Raising awareness about ‘disastrous’ lung disease
It’s a deadly disease that has no cure, and a diagnosis can be devastating.
Calgarians gathered at City Hall on Tuesday to learn more about Idiopathic Pulmonary Fibrosis, or IPF, a rare lung disease that affects an estimated 4,700 Albertans, including 1,200 Calgarians.
“It’s a disastrous diagnosis,” said Robert Davidson, the president of the Canadian Pulmonary Fibrosis Foundation. “There are only two options: death or a lung transplant.”
Davidson established the foundation after being diagnosed with IPF and receiving a lung transplant in 2010.
“When people are given a diagnosis of IPF, (it’s) scary. It’s like being told you have cancer,” said Charlene Fell, clinical associate professor of medicine at the University of Calgary.

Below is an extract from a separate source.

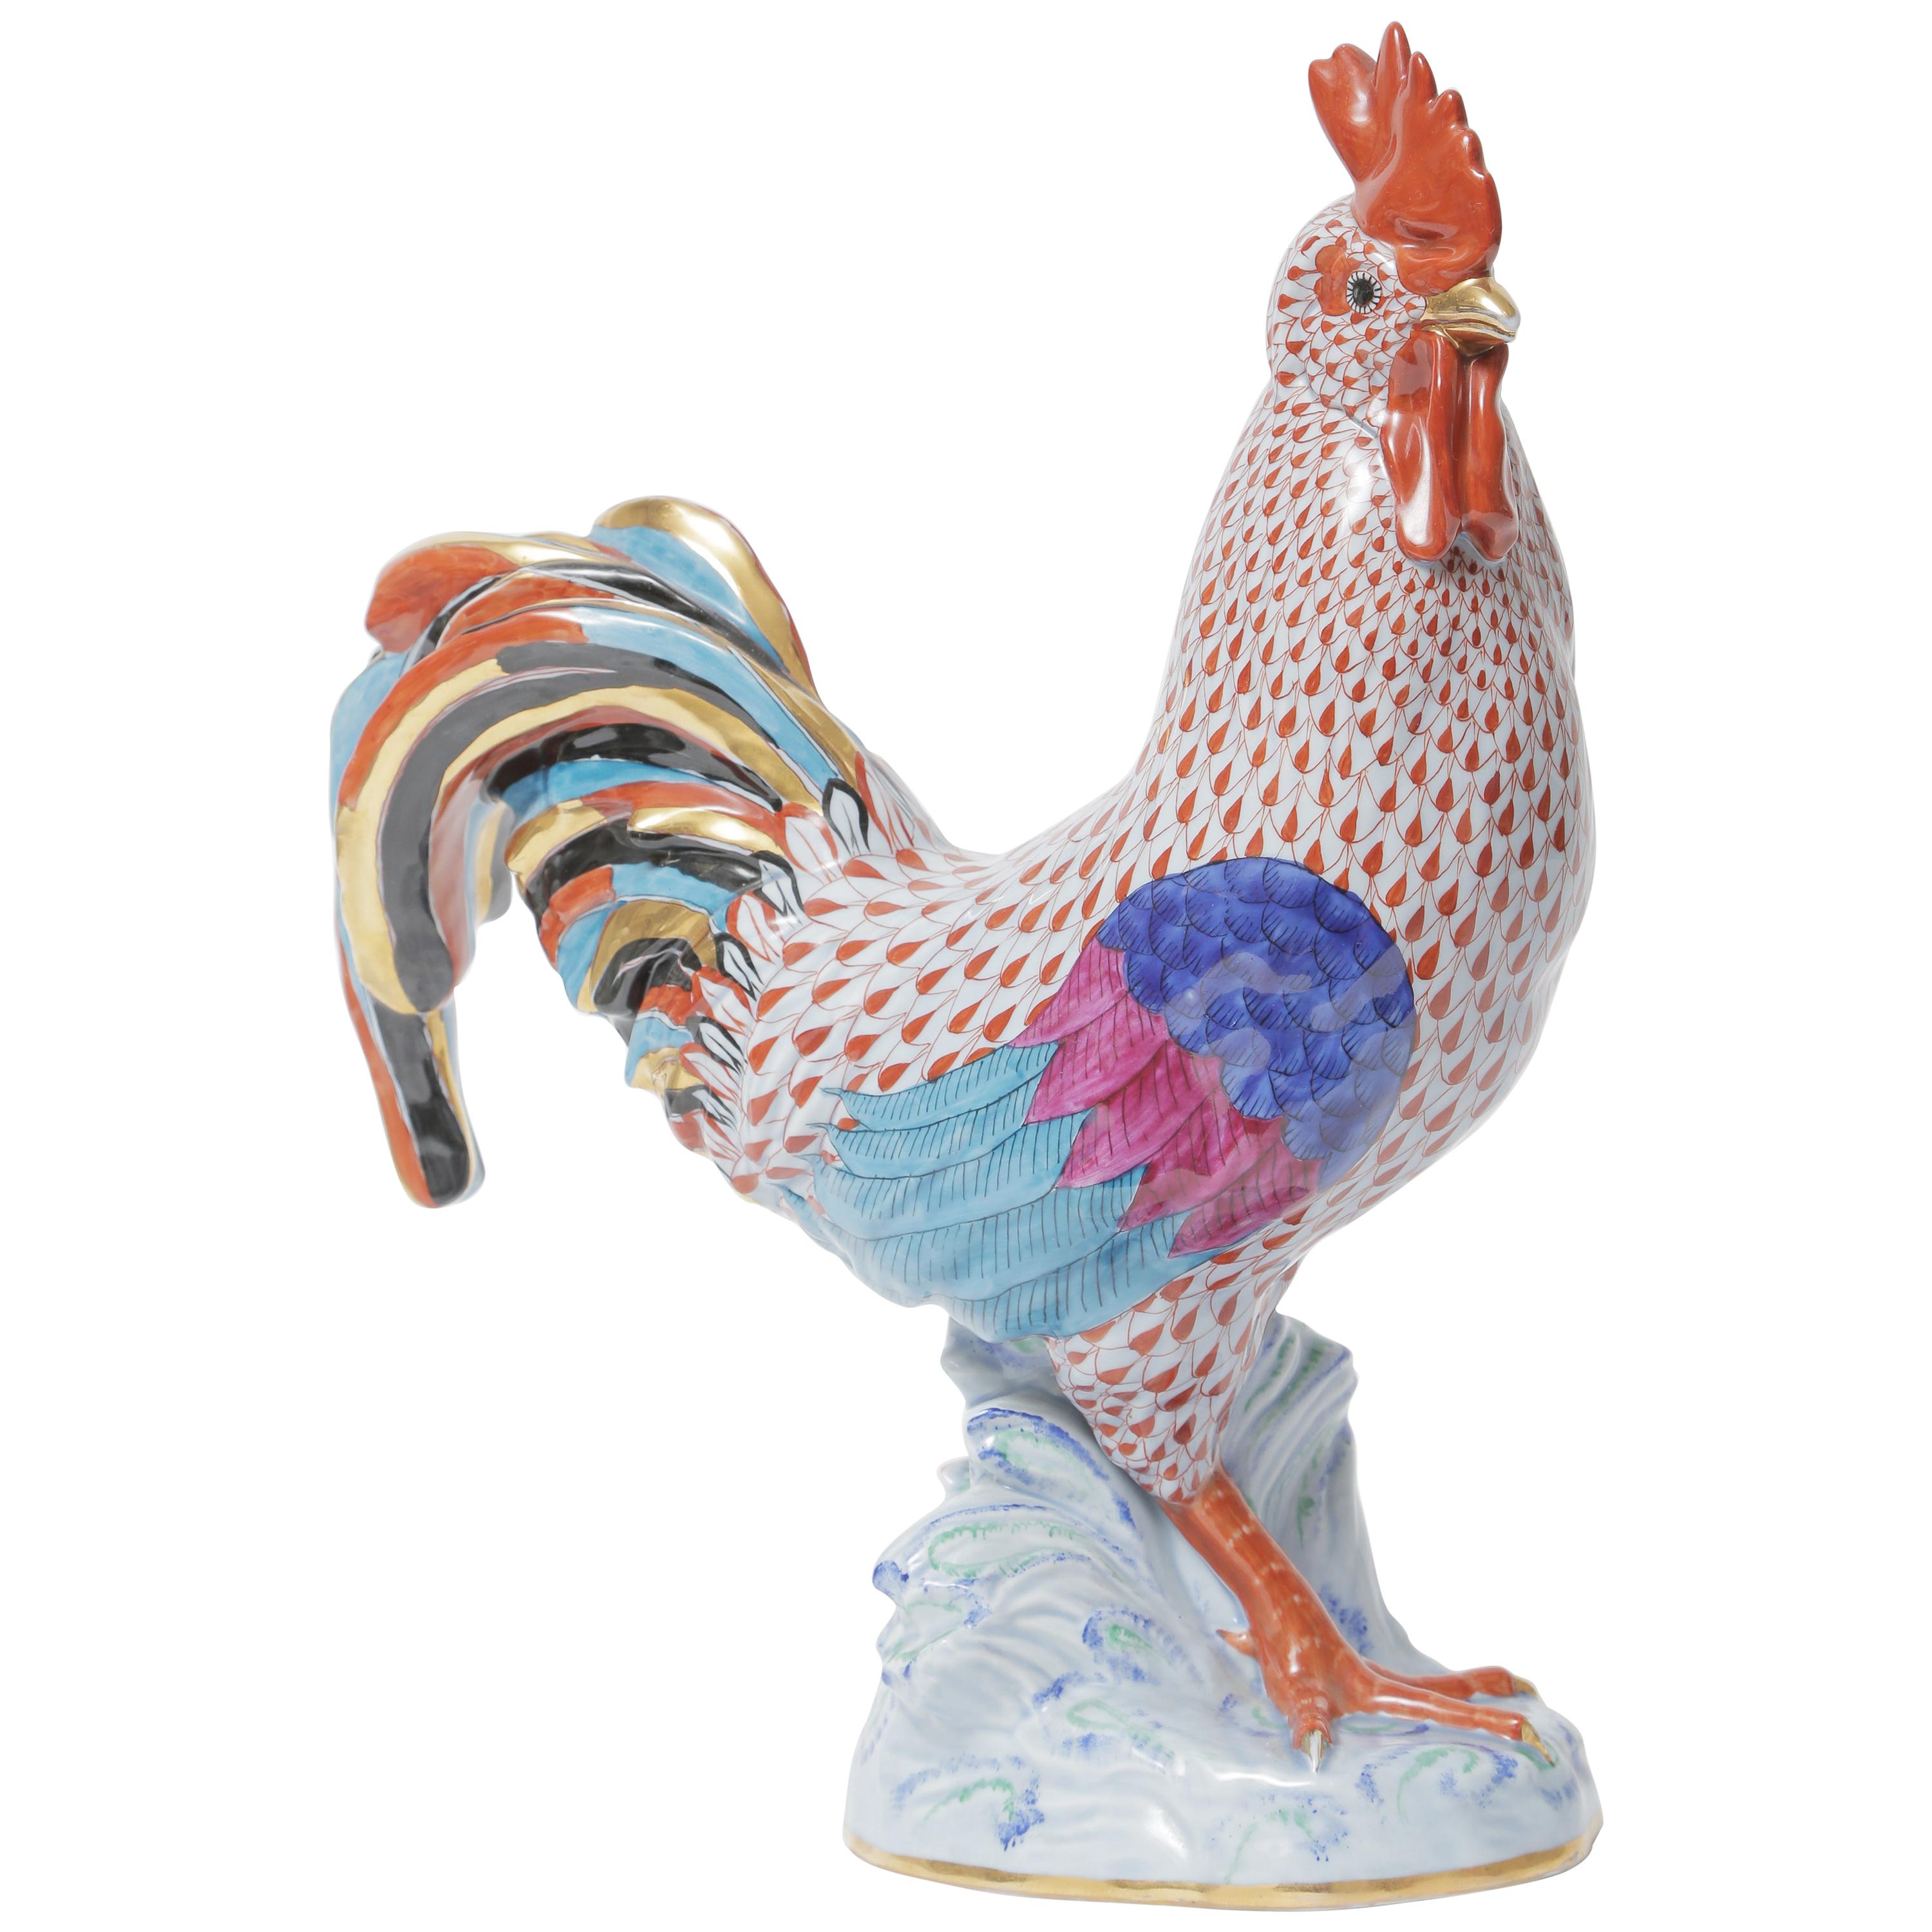 Rare Largest Sized Herend Rooster Figurine. Cobalt Porcelain Hand Painted

“The difference between IPF and cancer is that everyone knows about cancer, but nobody knows about IPF. It’s hard to have your friends and family understand what you’re going through when nobody really knows about the disease.”
Alongside the Pulmonary Fibrosis Society of Calgary, Davidson’s CPFF is hoping to educate more Canadians about IPF during September, which is Pulmonary Fibrosis awareness month.
Pulmonary Fibrosis describes 200 different kinds of scarring diseases of the lung, and IPF is one of them. “It’s the one that is the terrifying diagnosis,” said Fell. “It’s the one that’s more aggressive. You don’t have a cure. We have some treatment options but we don’t have a cure.”
Doctors don’t yet know what causes the fatal lung disease with a median survival of three to five years from diagnosis.
Alongside Mayor Naheed Nenshi, Davidson honoured Fell and registered nurse Kirk Mathison on Tuesday for making a difference in the lives of IPF patients and their families.